Between March and July, where had I been getting my medication?
Did the doctor at the catastrophic hospital prescribe me any pain killers?
Was I sure?
Did I understand the question?
Was I sure?
Did the doctor at the catastrophic hospital prescribe *anything*?
Was I sure?
Did I understand the question?
The idea that a patient would stop taking narcotics on their own just did not compute. To cheer them up, I told them that I was filled with excitement at the thought of taking opiates again. "I can hardly wait," I crowed. "Please, please, return me to the stagnant status quo!"

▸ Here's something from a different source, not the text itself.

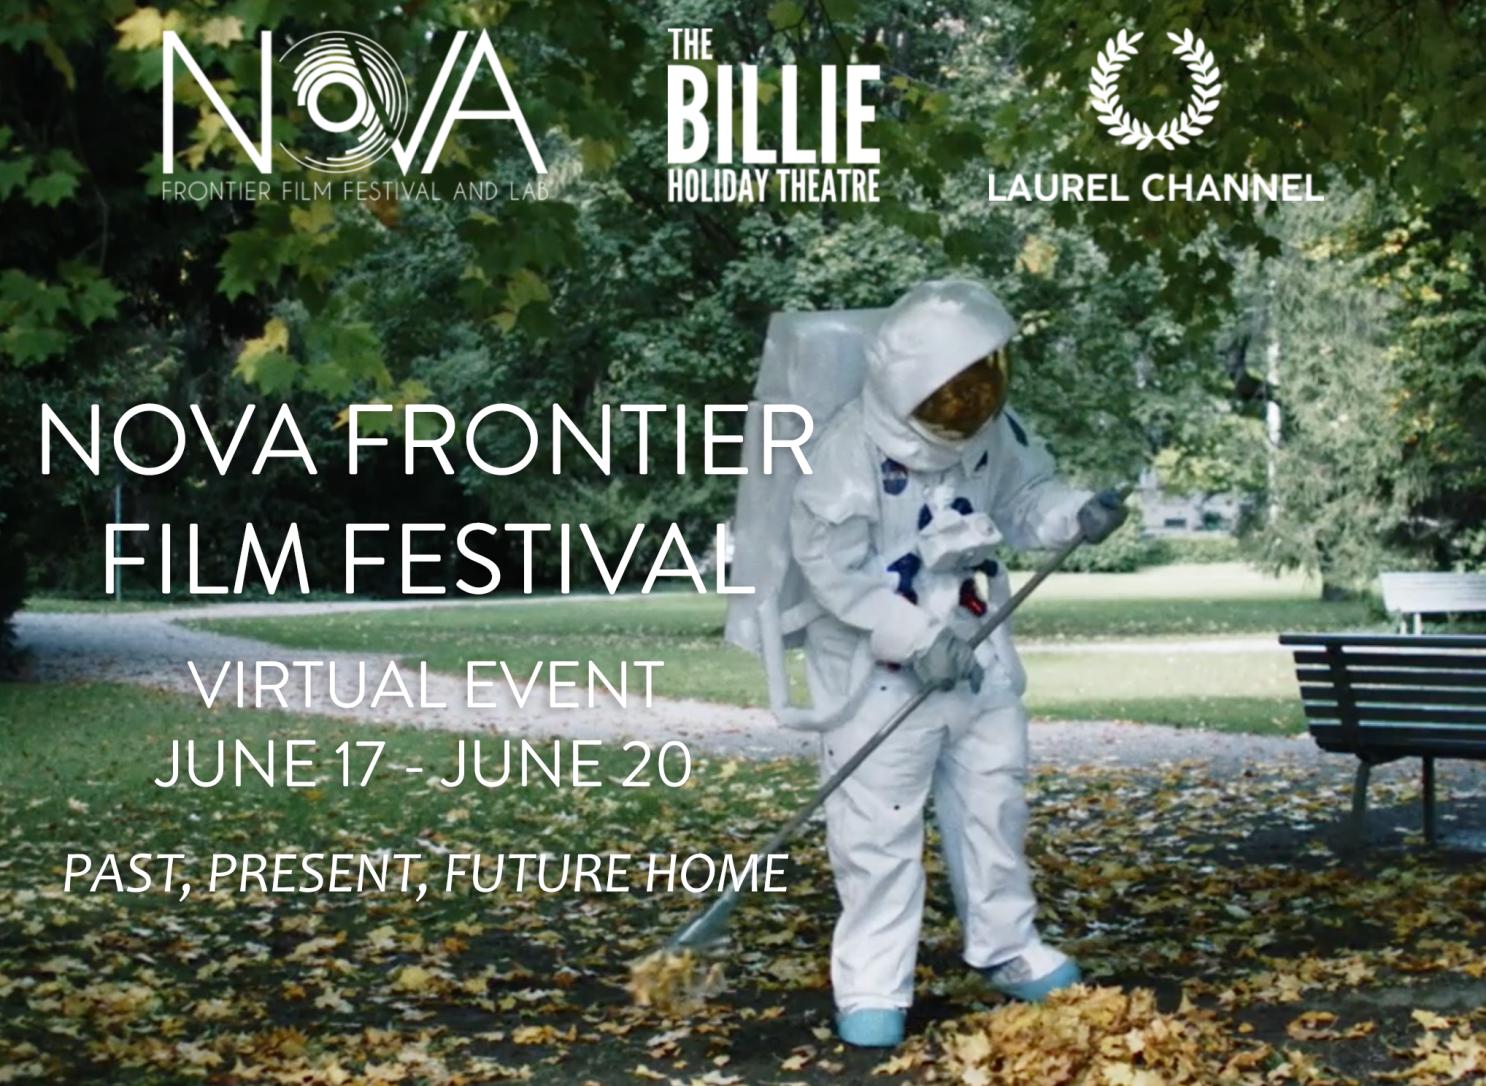 Nova Frontier Film Festival 2021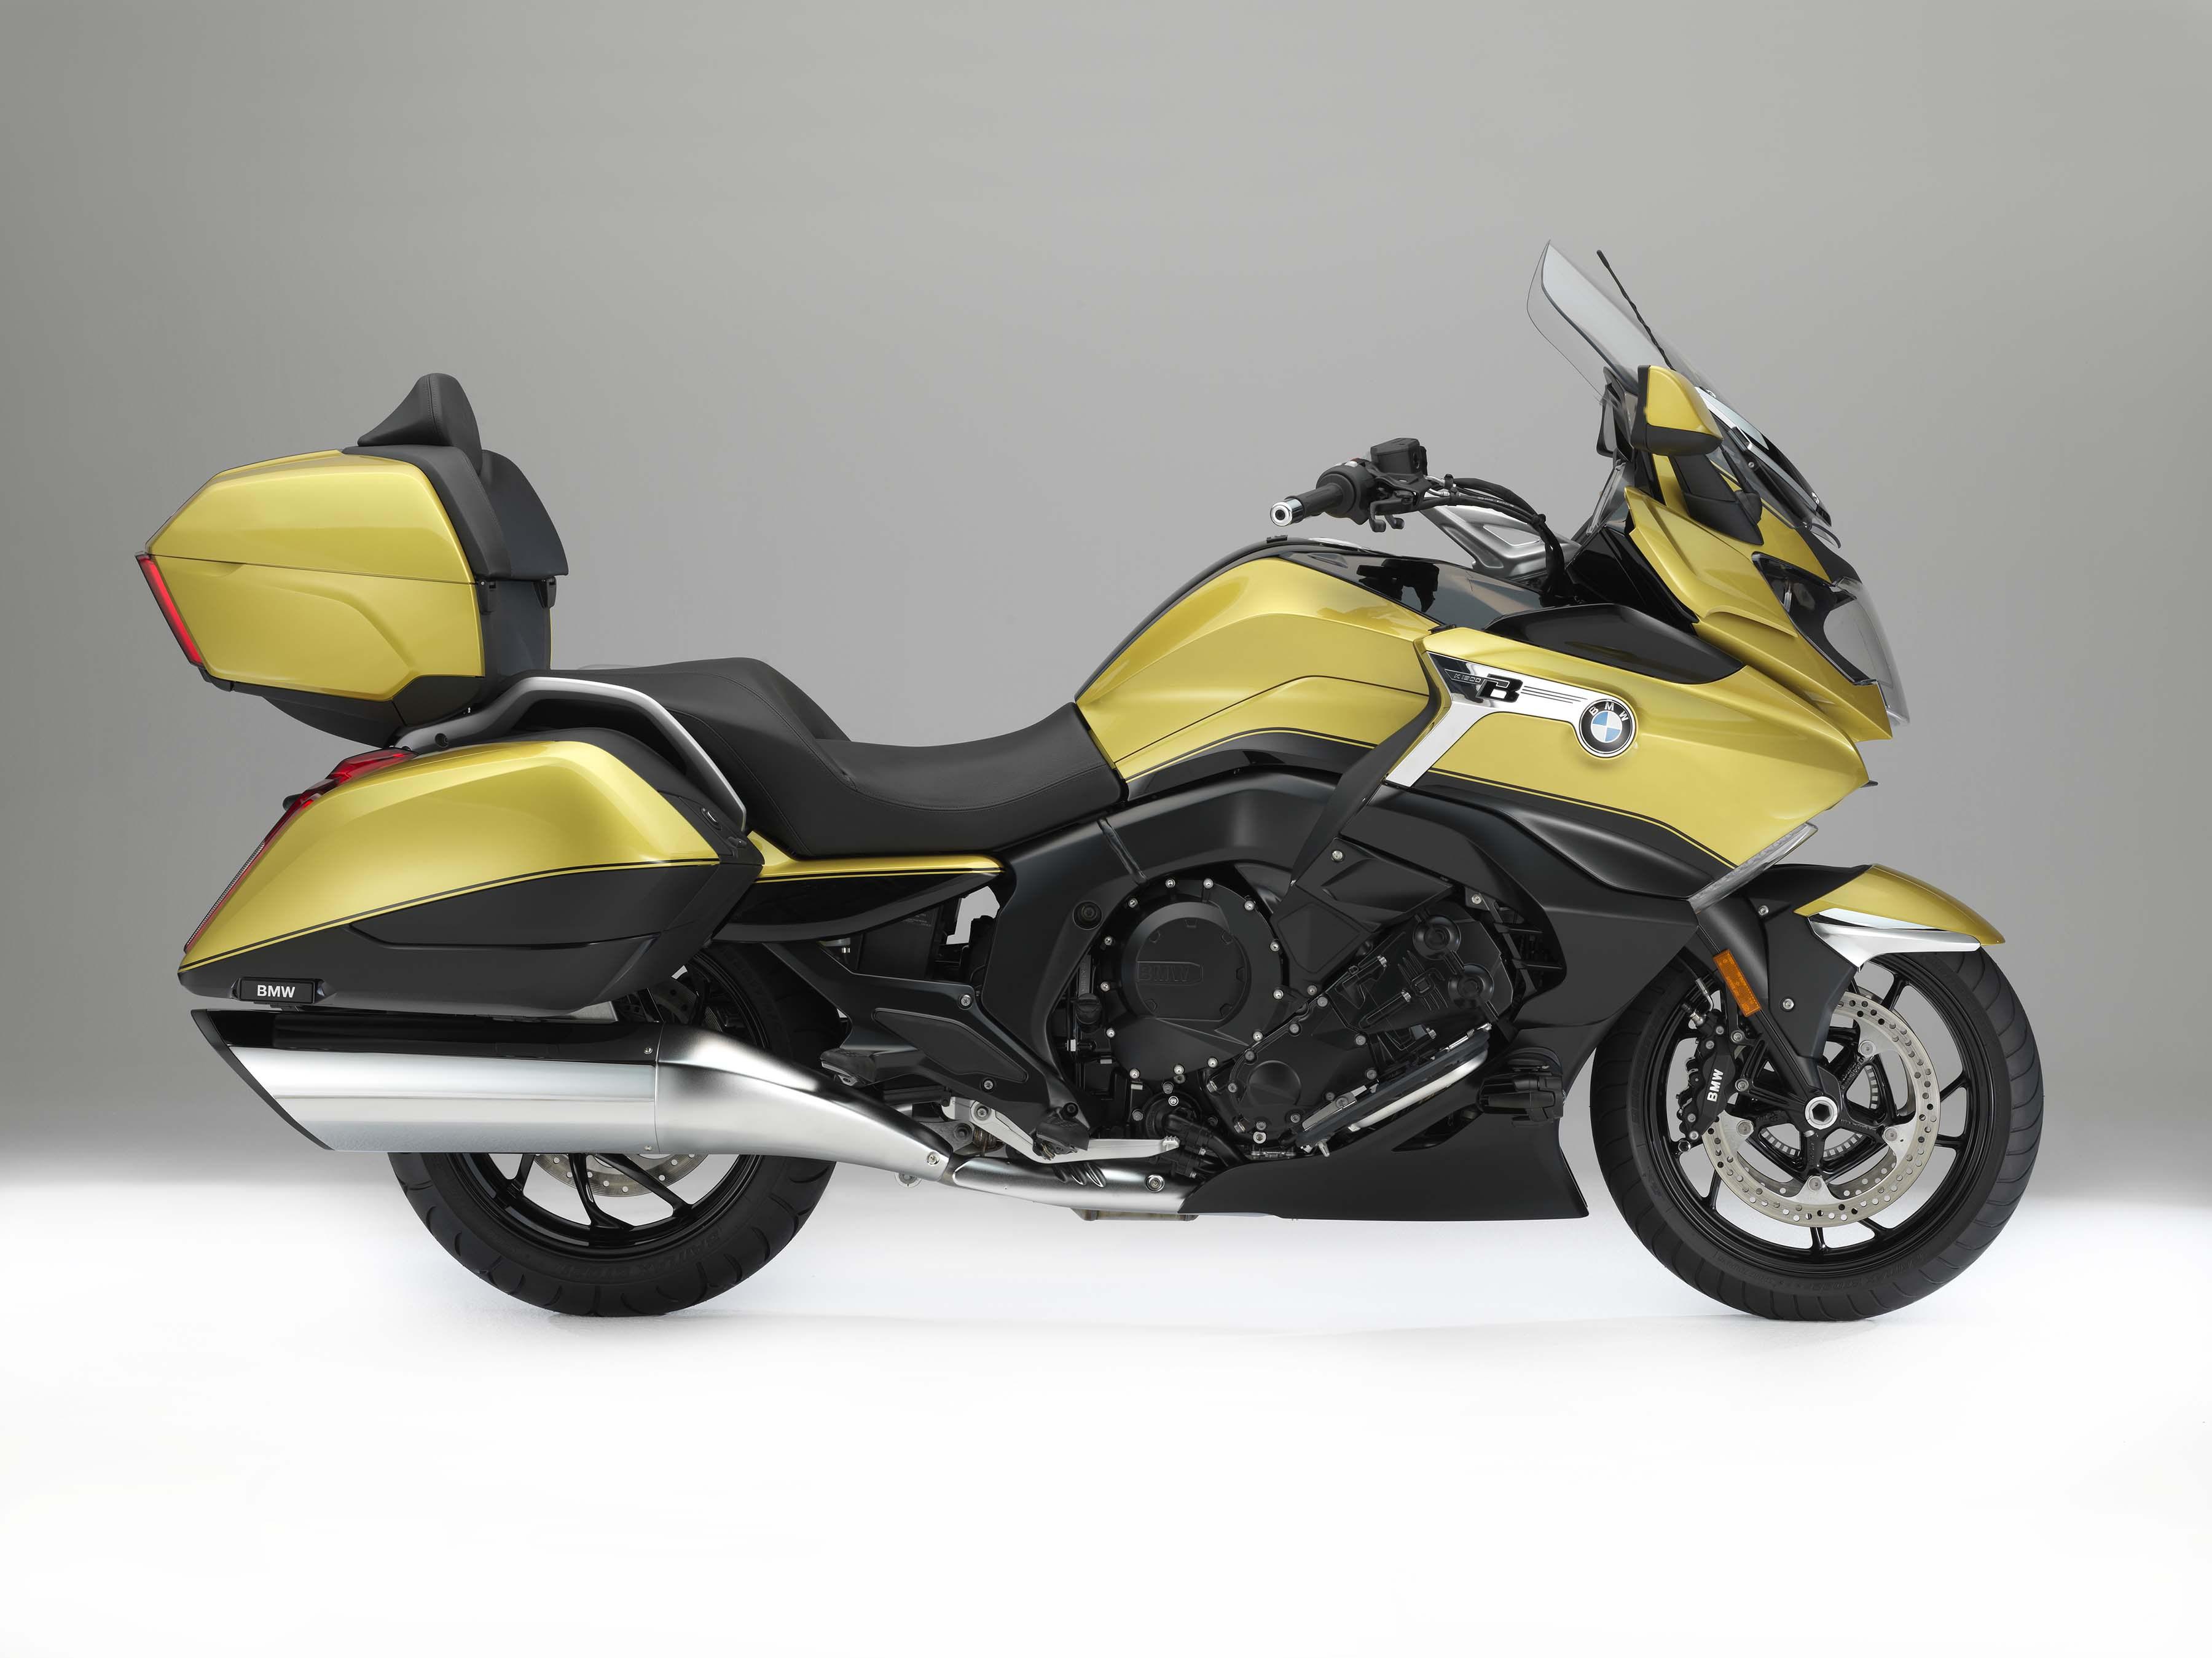 Bmw K1600 Grand America Motornl

Okay, so I may have left out that when we showed up this afternoon, they had no record of the appointment. Did I fail to mention that the new PA, Maria, kindly worked me in, so that we didn't have to make another trip across the wilds of The Lone Alp? She sorted through a complicated history in an organized way, applauded my reduction of methadone dosage from 40 mg to 10 mg, and...
suggested acupuncture.
Things are back to normal.
I'm slowly catching up on the blogosphere. I'm sorry your pain management is back to normal, but I'm very glad you're still blogging!
ReplyDelete"Keep going!"
This is a quote, not an unnecessary use of quotation marks.
See, the last few days of walking across Spain, we were joined by a trio of rather quiet Scandinavians.
(I'm not sure if they were quiet by Scandinavian standards--I think not--but they sure made us Americans seem insanely chatty.)
On the last evening, I launched into a very Frescaesque speech over dinner about Story (capital S) and Star Trek ("myths of our times" and so forth).
Not sure if the silence with which this was met was awe or boredom, I started to wind down, saying,
"OK, enough of that, I'll shut up now,"
when from a neighboring table a voice rang out,
"No! Don't stop! Keep going!"
It was a Canadian, desperate to chat about *anything*, which she proved by joining our table and sharing anecdotes about Canada's claim to fame, William Shatner.
I loved her.
____________
Remembering my own success rate (abominable) with such "charitable" undertakings, I laughed to think of Fred telling Sven he is suffering from Stockholm Syndrome.
How'd that work out for him?
how did i miss your comment? weird thing, i probably needed it more today than back in july -- and this evening, and all the coming evenings, shall be dedicated to keeping the going going. woo. hoo.
ReplyDeletehope you are fabulously wunnerful.
i came across something this morning about the remarkable shatner... but it escapes me now.
and so, of course, i share that with you. sigh.